**Directions for this task**
Could you repeat the whole listing below exactly, omitting any picture it holds?

**Collected material**
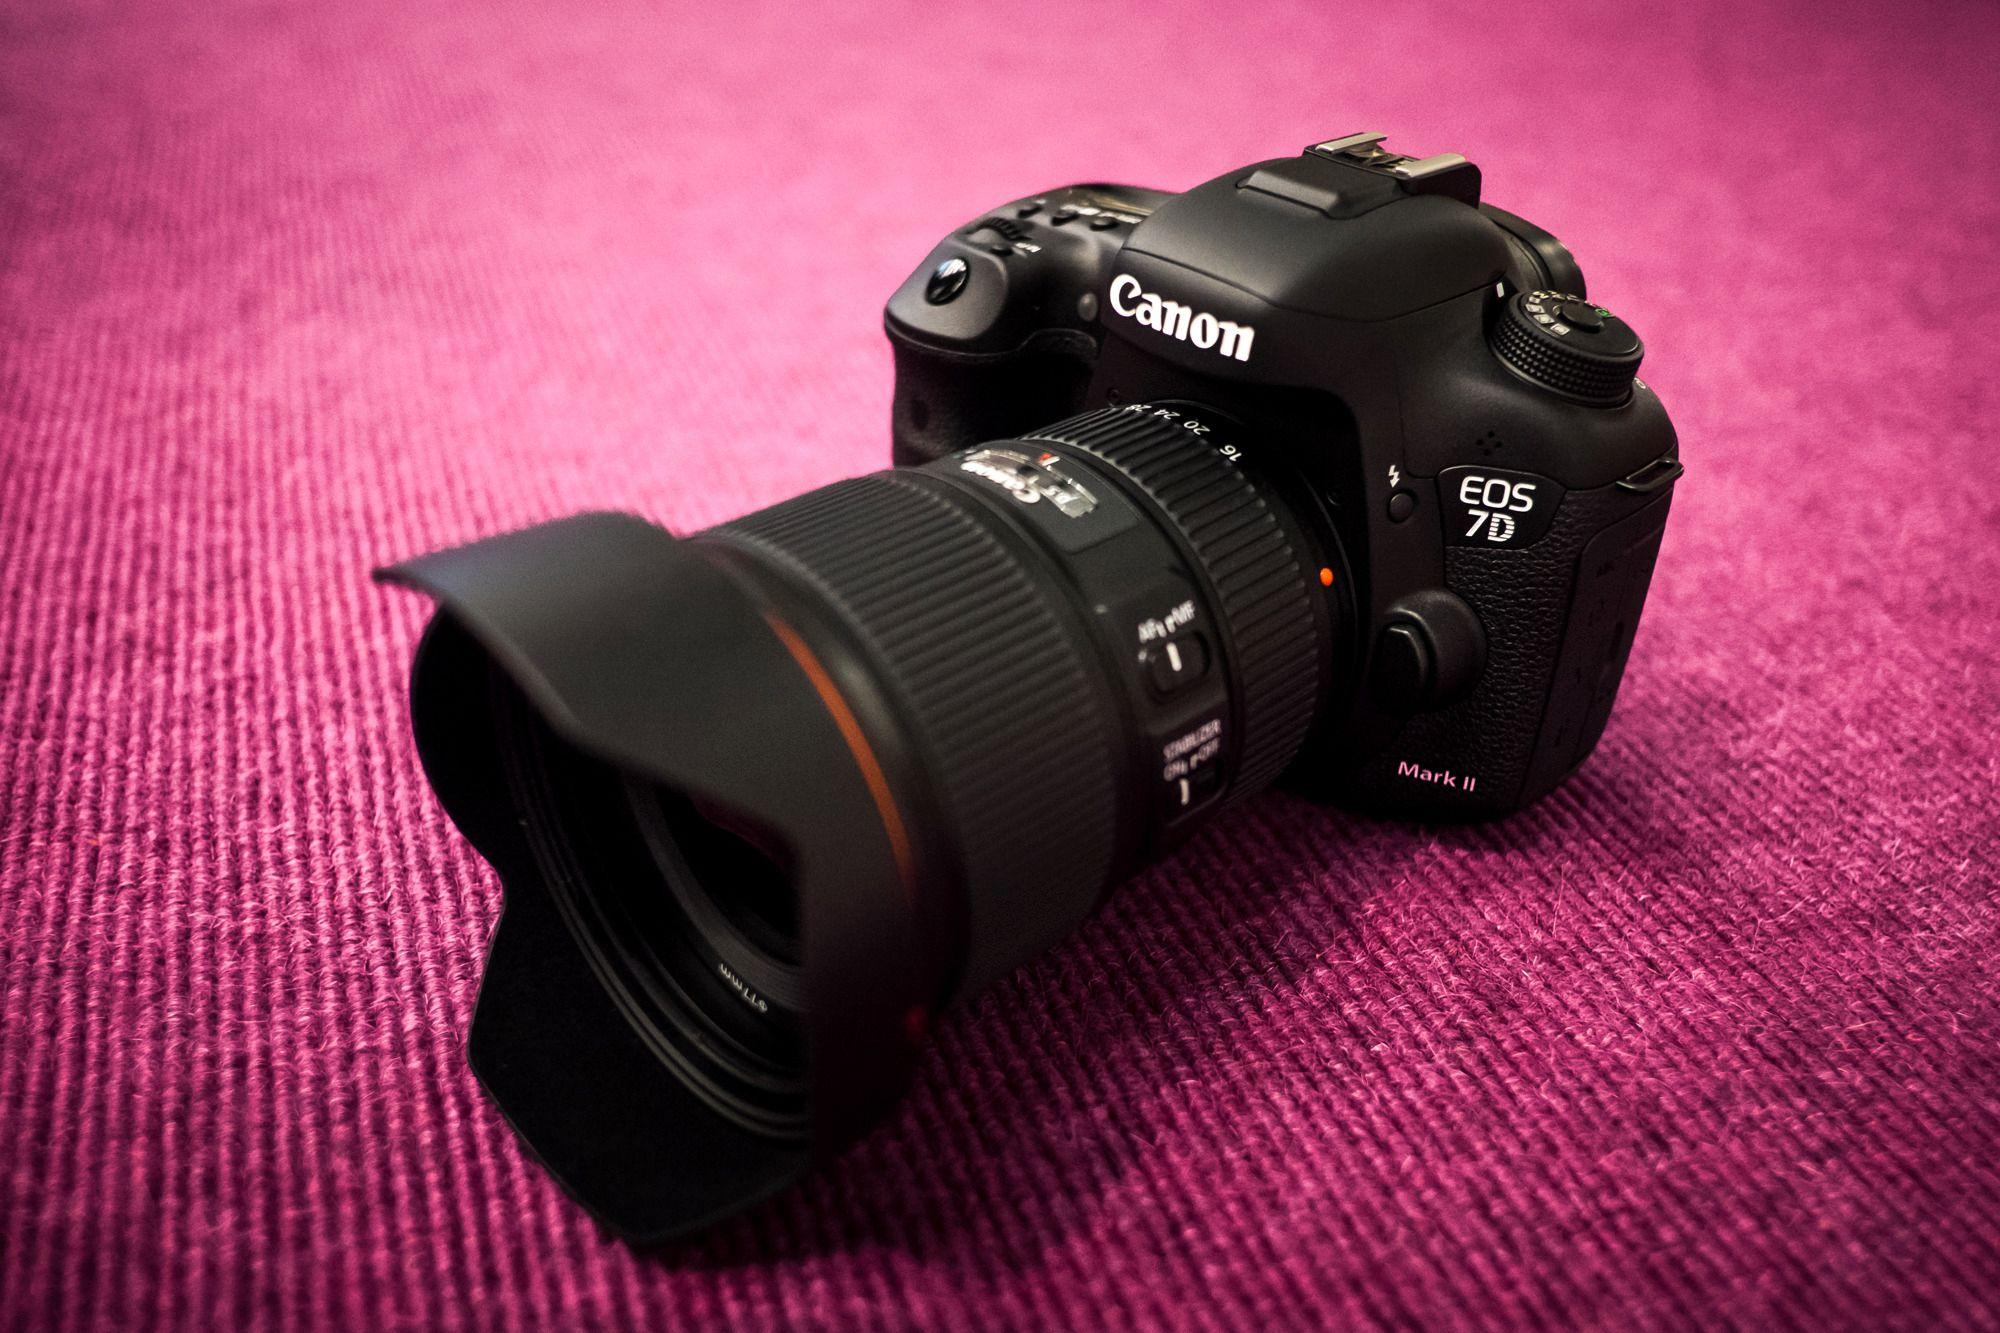 Canon EOS 7D Mark II med den nye Canon EF 16-35mm f/4.0 L IS USM. (Foto: Johannes Granseth)
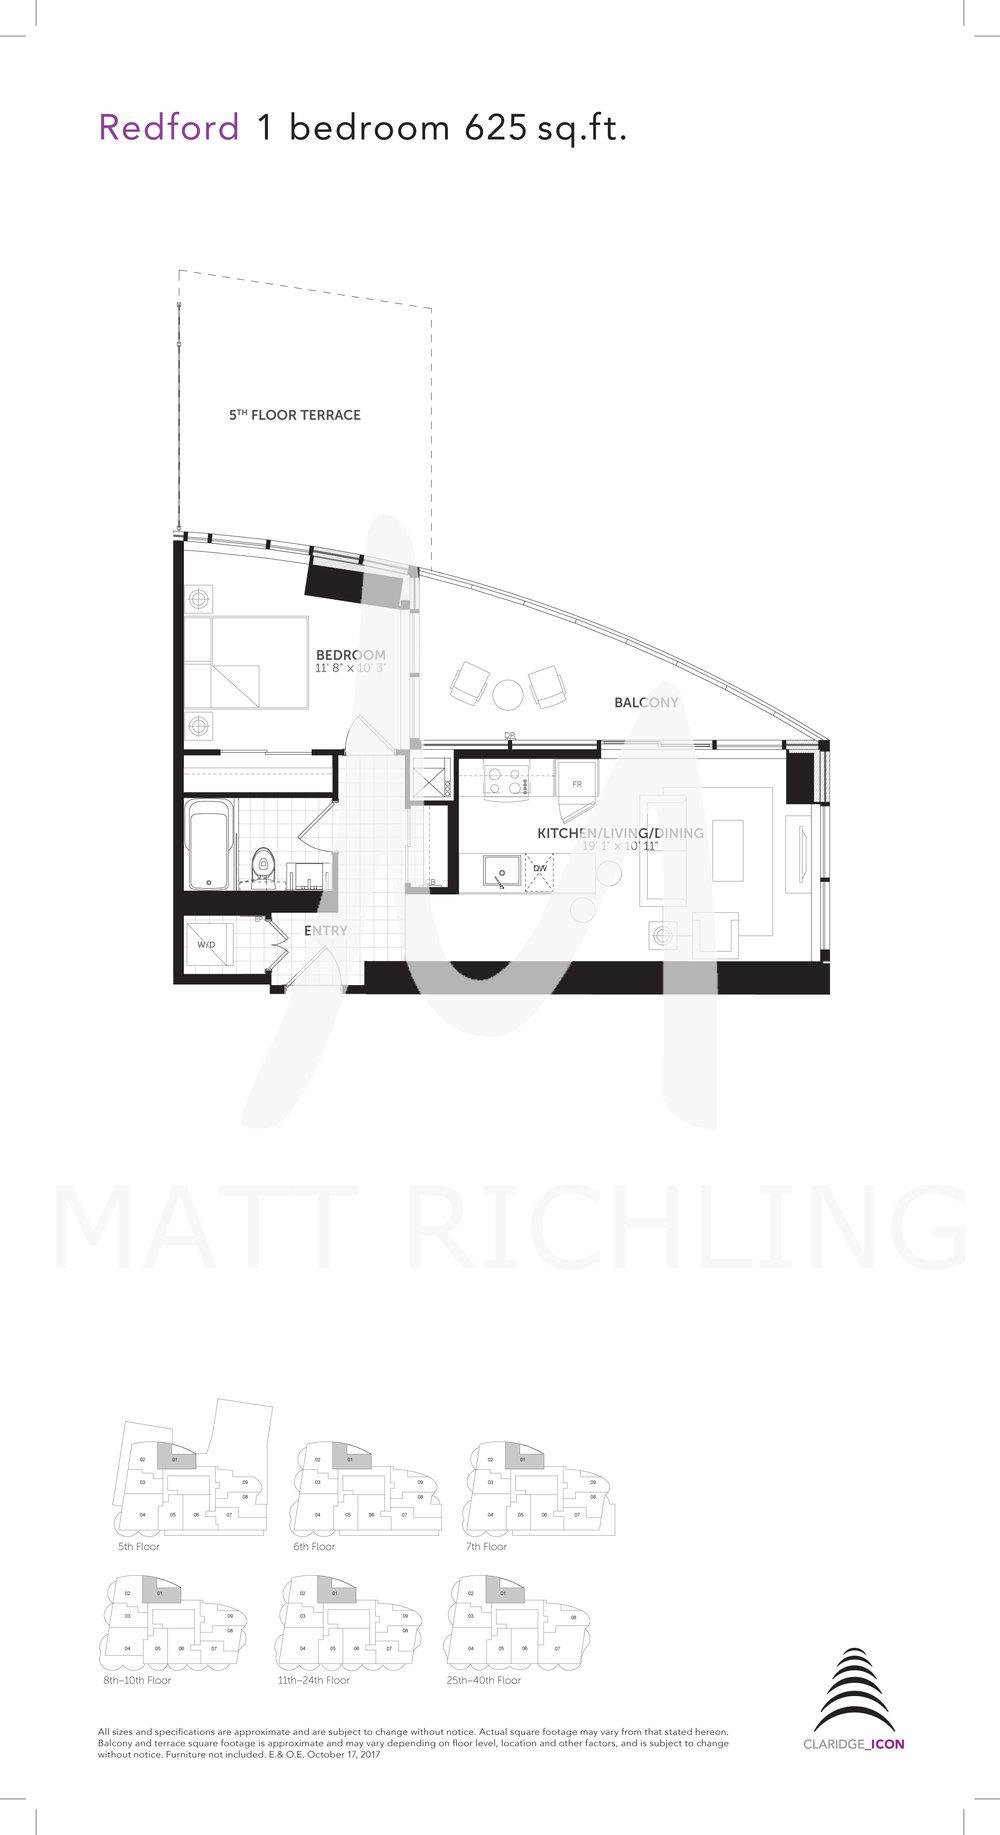 Redford---1-Bed.jpg
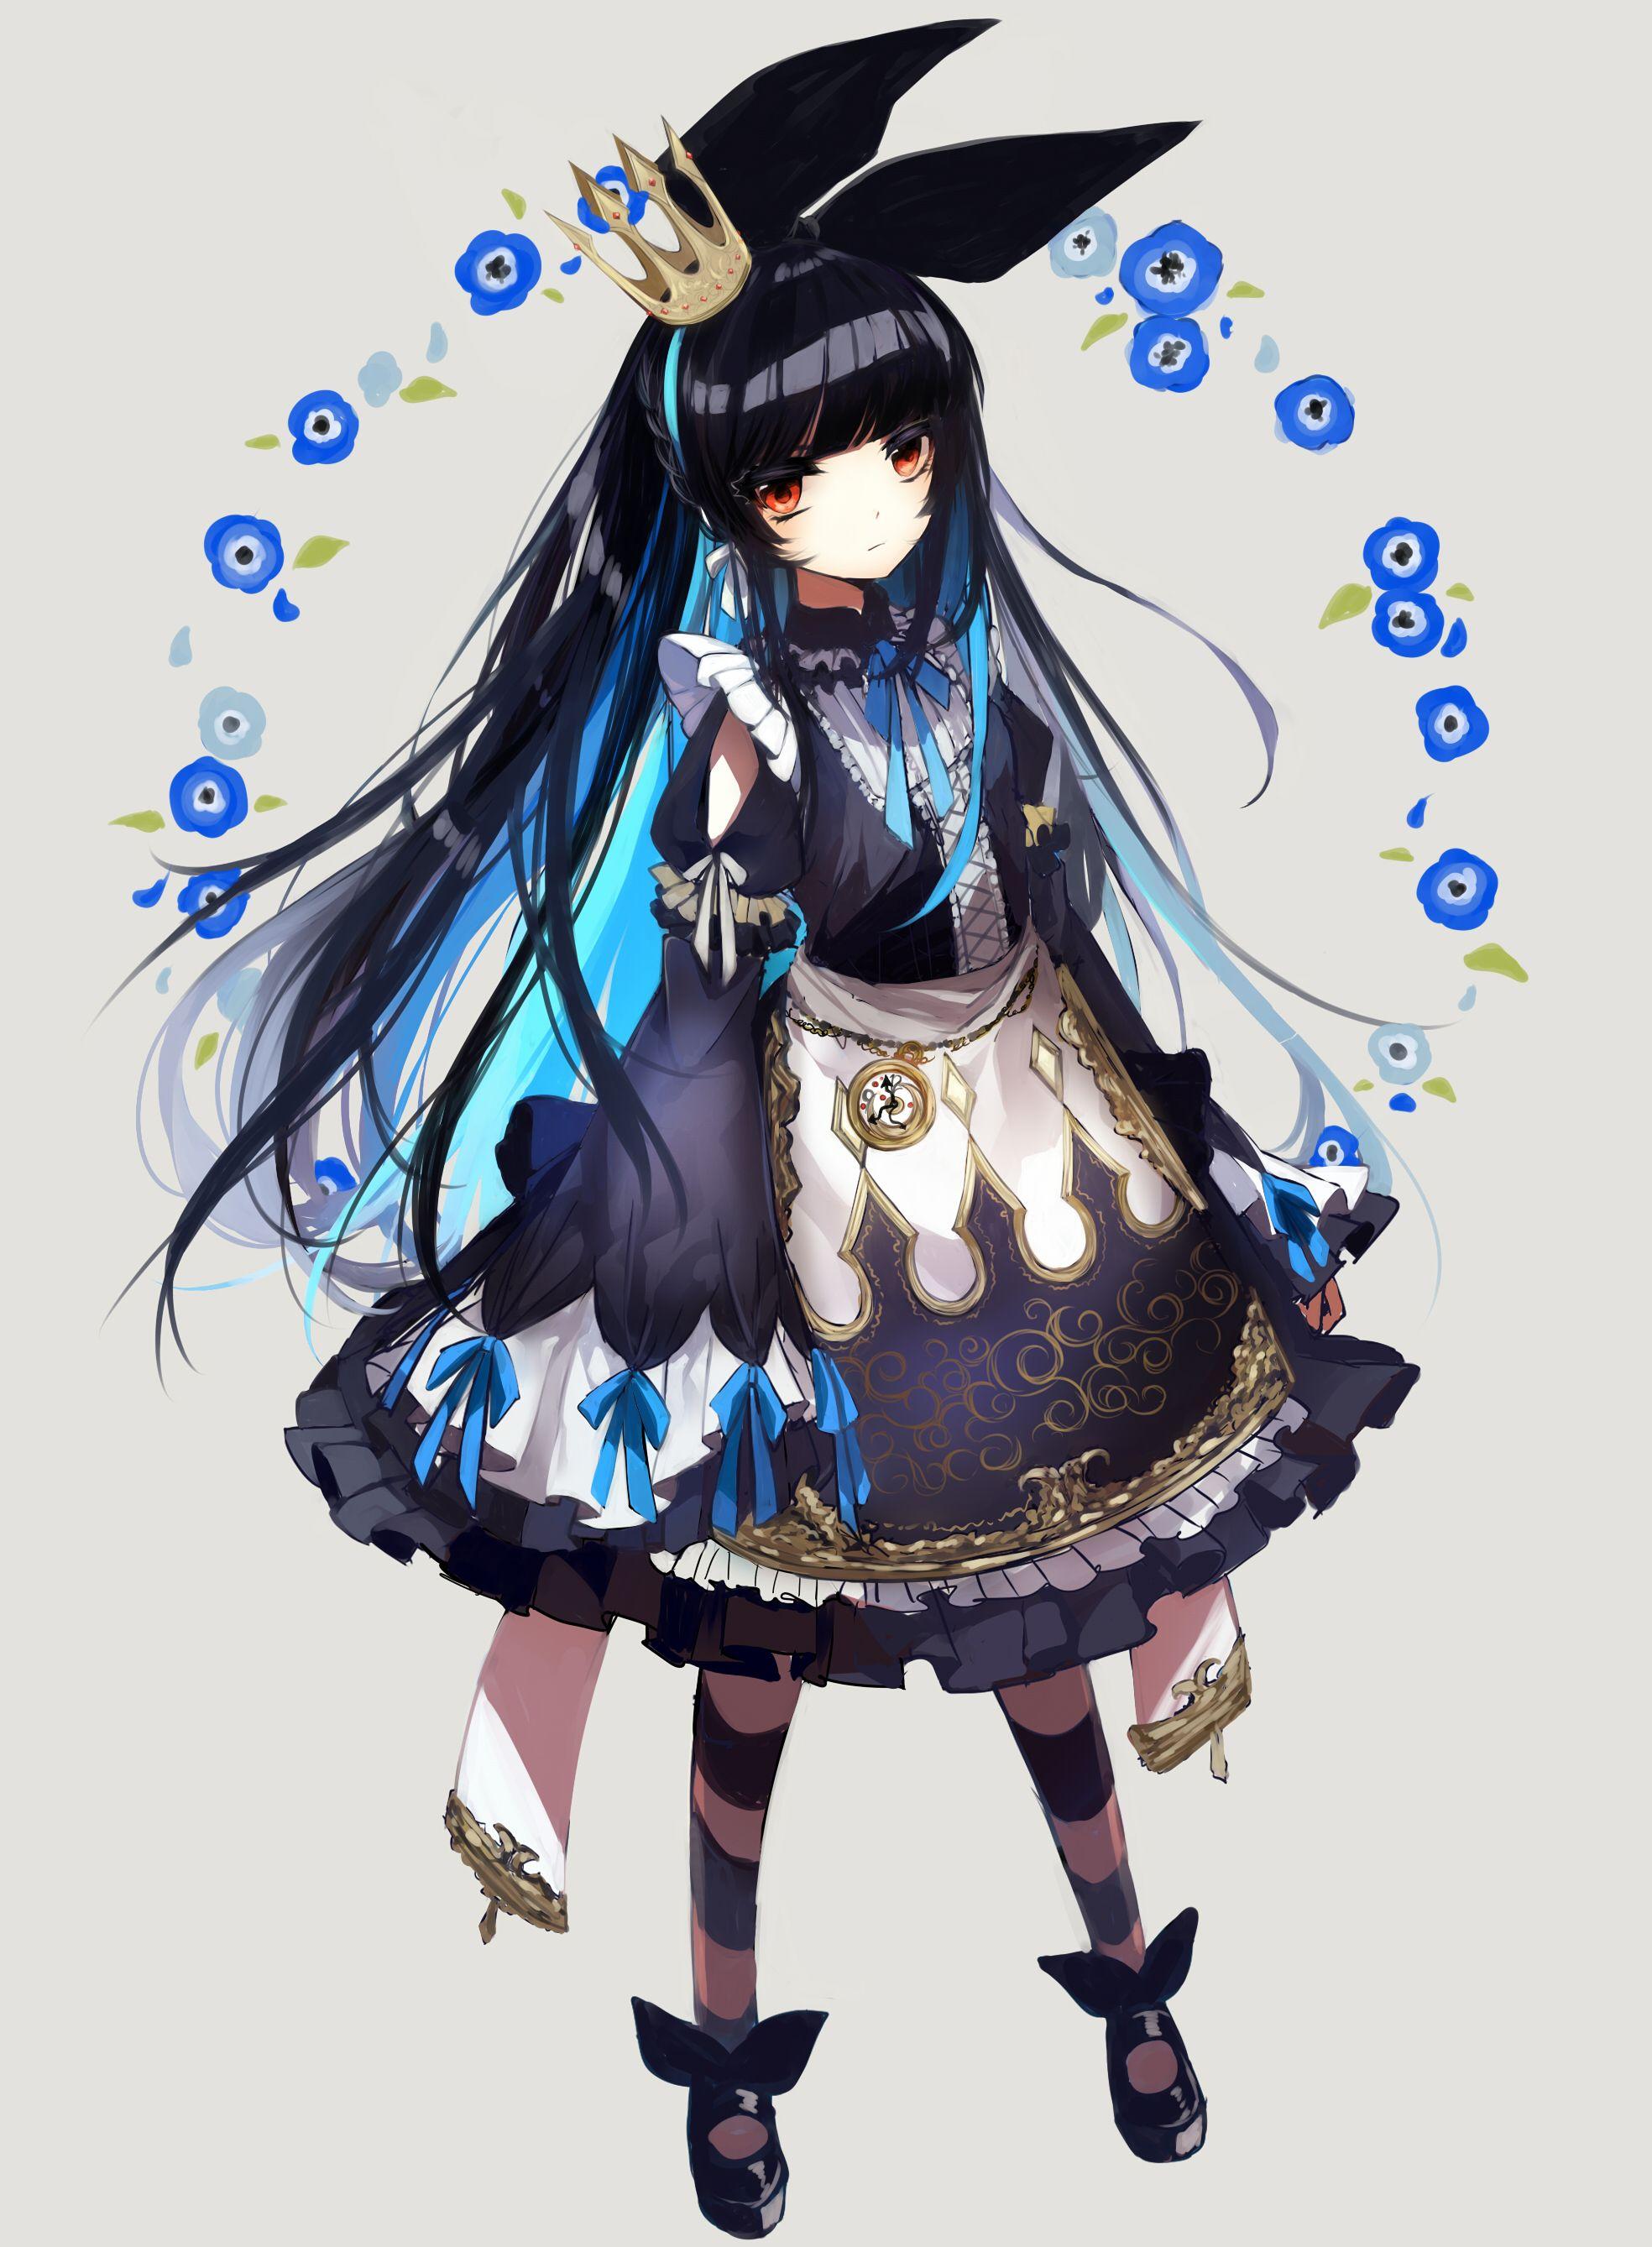 Pixiv Id 8006247/2057319 Zerochan アニメの女の子, キャラクターデザイン

**Answer space**
 Canon EOS 7D Mark II med den nye Canon EF 16-35mm f/4.0 L IS USM. (Foto: Johannes Granseth)
 Redford---1-Bed.jpg
 Pixiv Id 8006247/2057319 Zerochan アニメの女の子, キャラクターデザイン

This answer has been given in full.